Теперь, как Ходжа Насреддин, я разъезжаю по окрестностям Малатьи на осле. У меня есть только старый ишак, который вот-вот сойдет в могилу, и темная хибара на окраине крошечного поселка, со столом и лежаком. Даже вор побрезгует зайти в такое место. Мои глаза все хуже различают предметы, и чтобы как-то занять бесконечные дни, я посадил абрикосовое дерево слева от своей лачуги.


Ранним утром я сажусь на придорожный валун рядом с деревом-подростком и слушаю, как оно растет. Воображаю нежную светло-розовую кожицу его нетерпеливых побегов, аккуратные складки новорожденных листьев… Иногда кажется, что с каждым моим вдохом оно набирается сил. Мы проводим вместе день за днем, а я невольно спрашиваю себя: что станет с деревом, когда я умру? Я хотел бы отдать ему свое последнее дыхание. Свои последние силы; сомнительный дар.


Рядом с моим бессловесным братом невысказанное томит сердце с удвоенной силой. Какие-то невиданные слова кружатся в воздухе, звенят в голове, щекочут горло. Порой удается поймать хвост этого игривого змея, втянуть внутрь – развернуть с начала. Тогда со мной остается стихотворение, последняя забава.

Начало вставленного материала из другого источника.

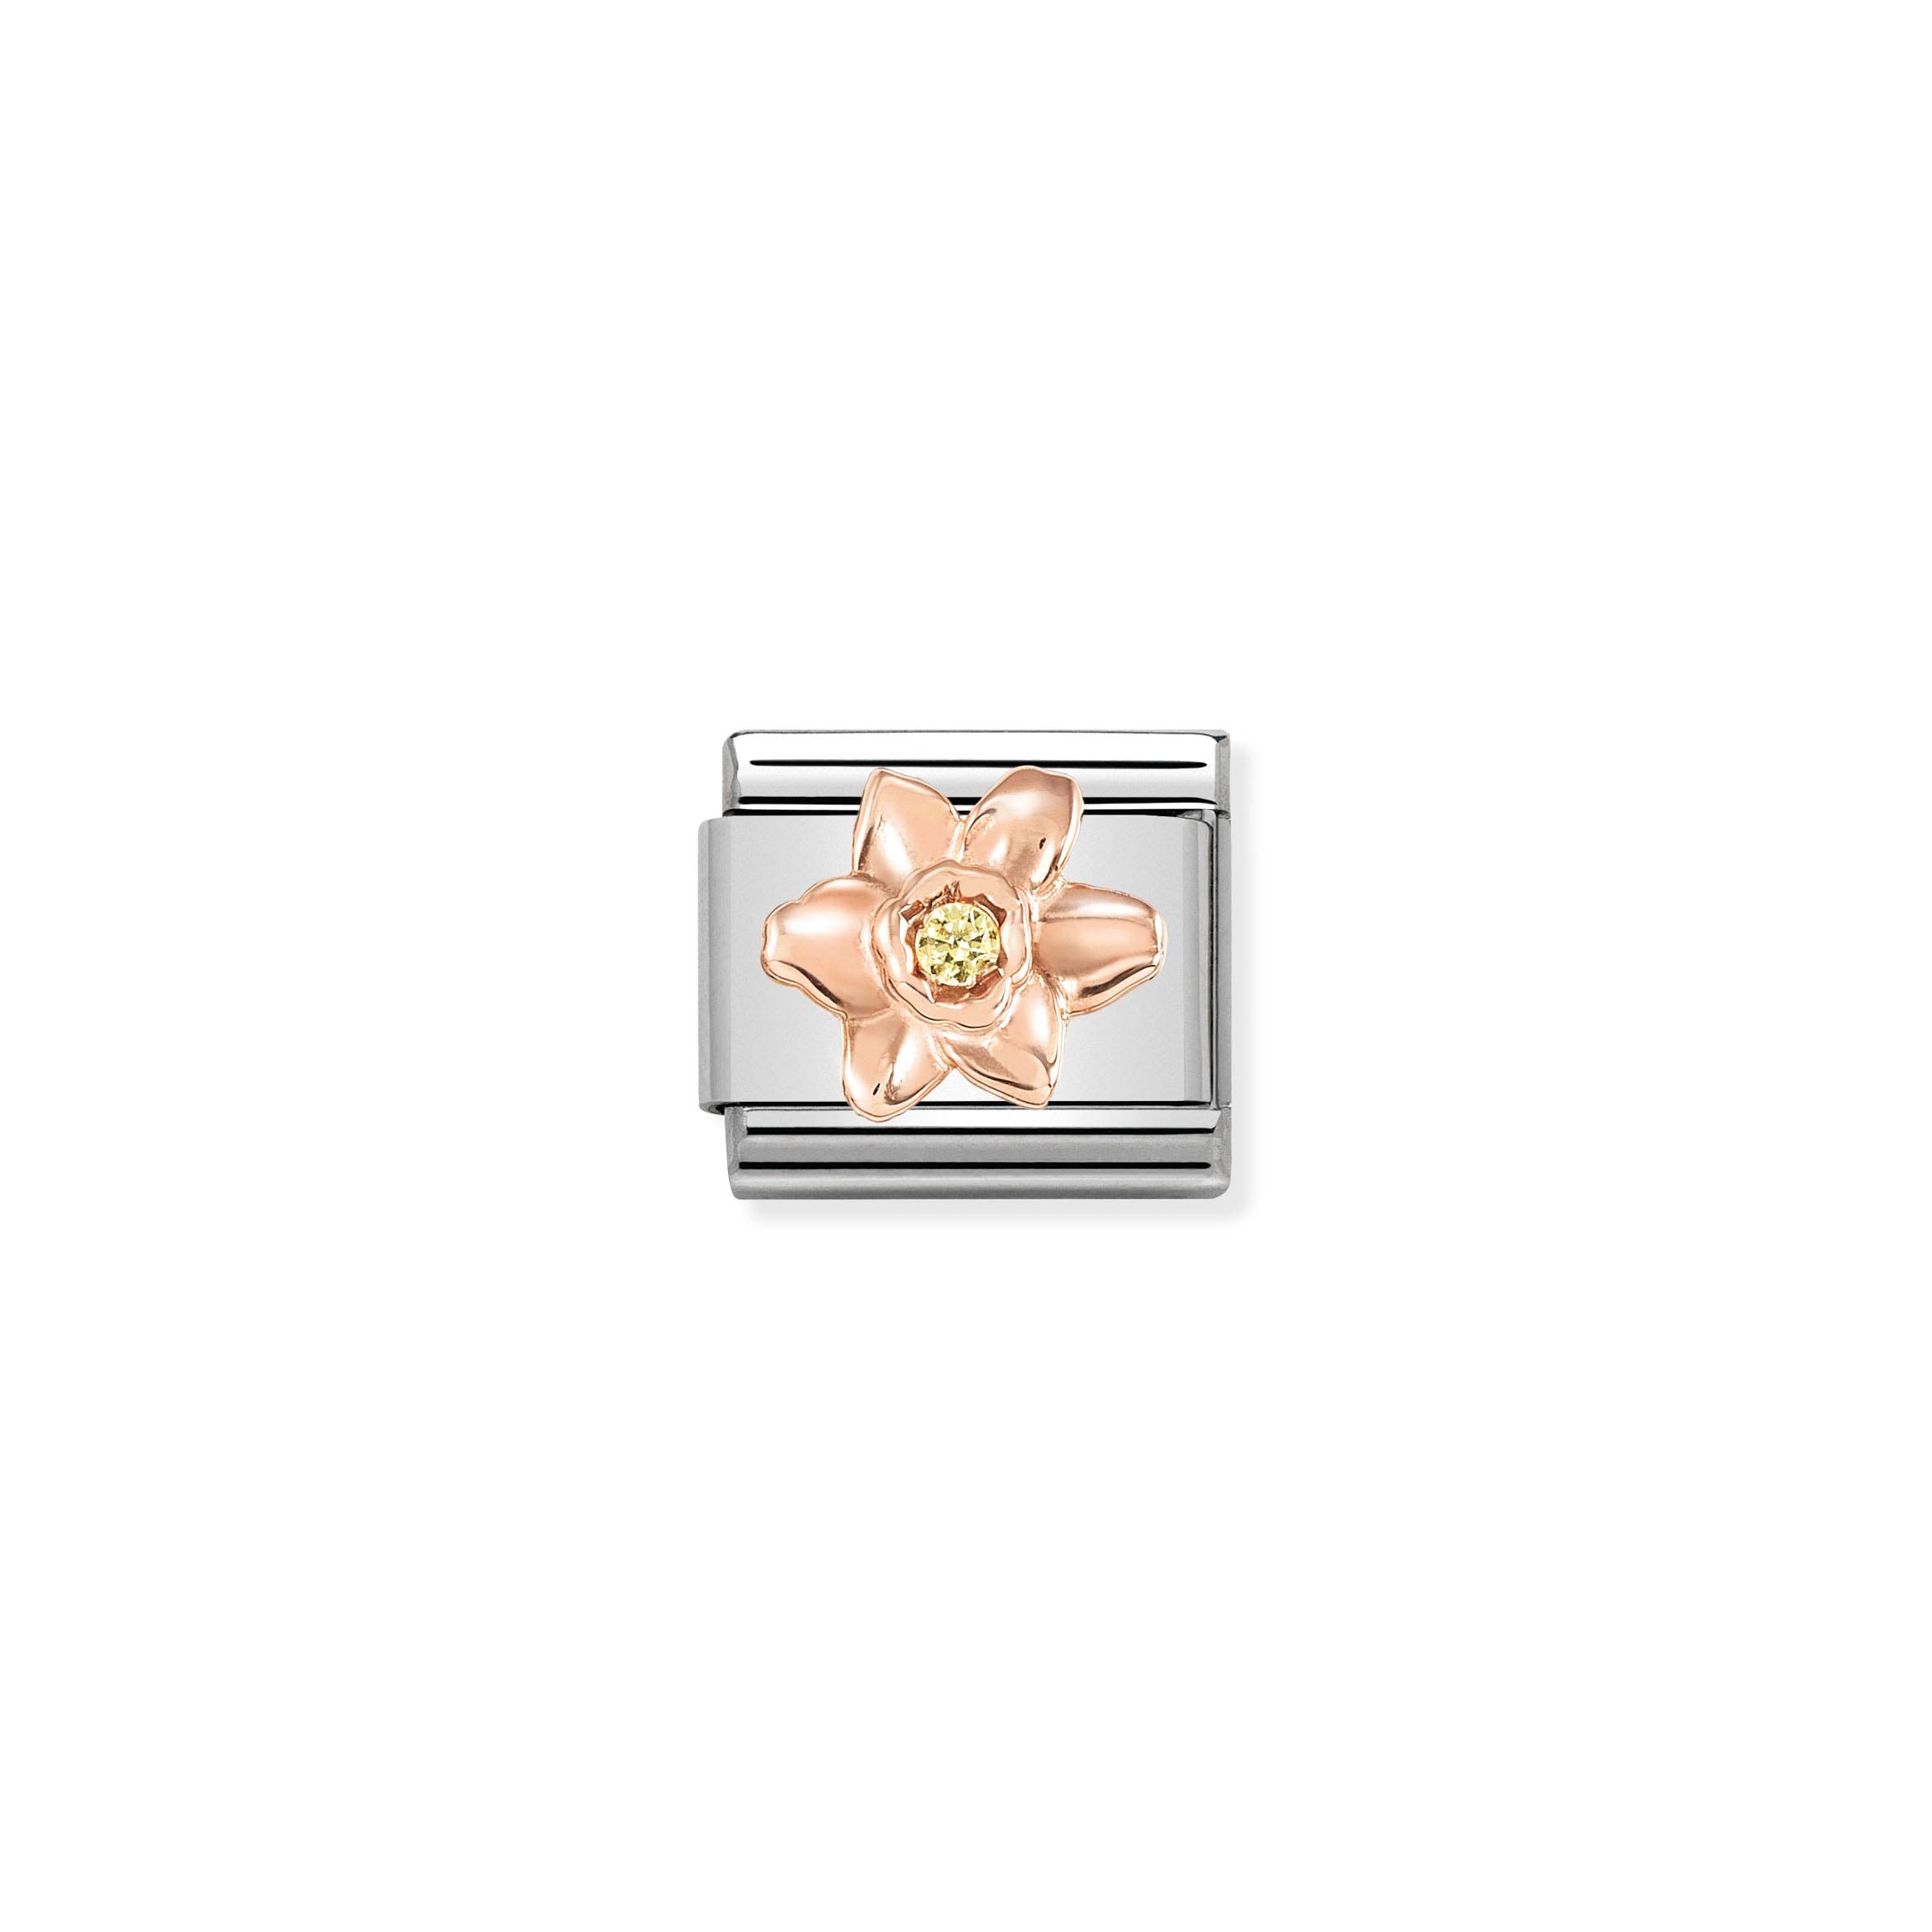 NOMINATION - Composable Classic SYMBOLS st/steel, 9ct rose gold & cz (Daffodil)

Я по земле бродил десятки лет, шутя,
Не зная способа к движению иного, -
Я думал: я хозяин жизни сам,
Пока не встретил нежное дитя –
И с этих пор все чудно мне и ново,
И с именем певучим к небесам
Душа моя лететь готова.
И все, что память трепетно хранит, -
Черты ее небесного лица…
Когда заря ее касается ланит,
Я убеждаюсь в милости Творца.


В поселке много добрых душ. Отыскали даже трех учеников для меня – чтобы не зазорно было поделиться то парой кабачков, то дыней, то мешком картошки.  Мне много не нужно – а когда-то давно был нужен весь мир…

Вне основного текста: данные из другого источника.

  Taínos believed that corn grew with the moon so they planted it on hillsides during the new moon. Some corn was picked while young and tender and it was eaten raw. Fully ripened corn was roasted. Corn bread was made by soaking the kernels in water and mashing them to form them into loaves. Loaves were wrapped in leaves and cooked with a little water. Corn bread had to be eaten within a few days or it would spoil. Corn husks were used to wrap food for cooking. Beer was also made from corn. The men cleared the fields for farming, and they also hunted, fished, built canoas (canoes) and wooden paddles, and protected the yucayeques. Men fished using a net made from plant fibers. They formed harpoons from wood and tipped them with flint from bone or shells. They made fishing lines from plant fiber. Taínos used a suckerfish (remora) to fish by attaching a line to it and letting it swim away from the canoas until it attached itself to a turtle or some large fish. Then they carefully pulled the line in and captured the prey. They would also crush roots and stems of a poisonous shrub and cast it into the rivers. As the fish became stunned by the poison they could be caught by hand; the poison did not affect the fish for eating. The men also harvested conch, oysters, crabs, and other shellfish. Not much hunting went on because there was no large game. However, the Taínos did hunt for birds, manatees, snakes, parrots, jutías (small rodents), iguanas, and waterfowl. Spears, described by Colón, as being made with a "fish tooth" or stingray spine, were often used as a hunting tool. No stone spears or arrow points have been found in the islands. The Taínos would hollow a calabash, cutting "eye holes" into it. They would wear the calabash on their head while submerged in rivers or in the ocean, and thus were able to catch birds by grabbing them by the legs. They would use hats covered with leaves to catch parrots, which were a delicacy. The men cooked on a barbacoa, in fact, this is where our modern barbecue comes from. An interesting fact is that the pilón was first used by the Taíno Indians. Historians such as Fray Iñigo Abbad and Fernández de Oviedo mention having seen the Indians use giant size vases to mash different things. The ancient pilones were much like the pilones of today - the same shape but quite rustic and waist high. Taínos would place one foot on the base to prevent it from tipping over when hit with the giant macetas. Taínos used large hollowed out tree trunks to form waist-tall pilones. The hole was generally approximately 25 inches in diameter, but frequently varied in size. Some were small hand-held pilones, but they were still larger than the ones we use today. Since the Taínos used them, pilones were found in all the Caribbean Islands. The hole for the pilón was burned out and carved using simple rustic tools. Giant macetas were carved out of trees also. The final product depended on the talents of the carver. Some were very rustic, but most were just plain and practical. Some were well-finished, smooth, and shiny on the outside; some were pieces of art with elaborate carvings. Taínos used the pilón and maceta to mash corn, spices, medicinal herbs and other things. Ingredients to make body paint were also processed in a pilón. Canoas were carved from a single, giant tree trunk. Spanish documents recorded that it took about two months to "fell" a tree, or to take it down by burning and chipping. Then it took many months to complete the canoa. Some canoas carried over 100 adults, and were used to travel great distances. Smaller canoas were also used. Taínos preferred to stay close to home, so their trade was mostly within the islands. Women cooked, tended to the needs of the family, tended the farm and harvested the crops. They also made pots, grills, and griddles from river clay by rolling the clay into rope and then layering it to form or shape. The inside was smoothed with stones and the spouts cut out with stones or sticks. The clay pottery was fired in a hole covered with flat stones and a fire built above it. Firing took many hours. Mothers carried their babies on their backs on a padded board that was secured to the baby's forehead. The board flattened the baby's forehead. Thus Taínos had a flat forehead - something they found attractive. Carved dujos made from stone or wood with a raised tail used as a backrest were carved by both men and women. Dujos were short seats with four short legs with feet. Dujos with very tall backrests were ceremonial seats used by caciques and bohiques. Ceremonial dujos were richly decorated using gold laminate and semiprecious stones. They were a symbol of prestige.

С осени раз в неделю заглядывает пекарь-кондитер Эмин – поболтать, как он выражается, о том о сем. Людей никогда не перестанут удивлять подробности чужой жизни. Снова и снова рассказываю ему байки своей юности. Обмякает, качает головой, цокает языком. Эмин не верит мне. Конечно, нет. Людей, как он, не посещает даже идея о том, что жизнь может быть другой. Я и сам уже сомневаюсь…


Его младший мальчик прибегает чаще – упрямый мальчик. Такой внимательный, печальный. Зовут Курт , но волком он никогда не будет - не из того теста. Носится с какими-то тетрадками, записывает все, что приходит в голову. Хочет учиться живописи. Был бы у меня сын, быть бы ему таким, как этот мальчик: часами сидит, созерцая одну былинку. За всю жизнь немного я видел людей, которых даже самый волшебный сад остановит дольше, чем на минутку.


Курт мастерит себе кисточки из хвостов домашней скотины, разводит «краски» – мешает хну и специи. Ему же и лучше: кому есть дело до игр сельского ребенка? У него, конечно, больше шансов стать пекарем, чем художником. Достойный, уважаемый труд. К тому же пекарь тоже смотрит во все глаза. Мальчик откажется от того, что видит сейчас, - и все будет сыто и благополучно… Но почему-то я в это не верю.


На днях он раздобыл где-то полуистлевший сборник латинских виршей, пытается читать. Неуловимое будят во мне эти трескучие, как раздираемый шелк, созвучия. Тревожат изношенное сердце, и перед глазами опять стоит Она. Бесплотная муза, бесплодная. И ласковая мать, и верная подруга, и невинная девочка, и гневливая античная богиня… Курт вдруг замолк.


- Что, других песен нет?
- Уста , я все прочел. Это был последний стих. О чем они, уста?
- О славе, о любви, о странствиях. О красоте и отчаянии, лихорадке творчества, людской черствости и безжизненных пустынях. О высоком небе, молодом вине, страстных красавицах. Поэт не выбирает тему, он только описывает то, чем живет… Что ж, ты сам попробуй.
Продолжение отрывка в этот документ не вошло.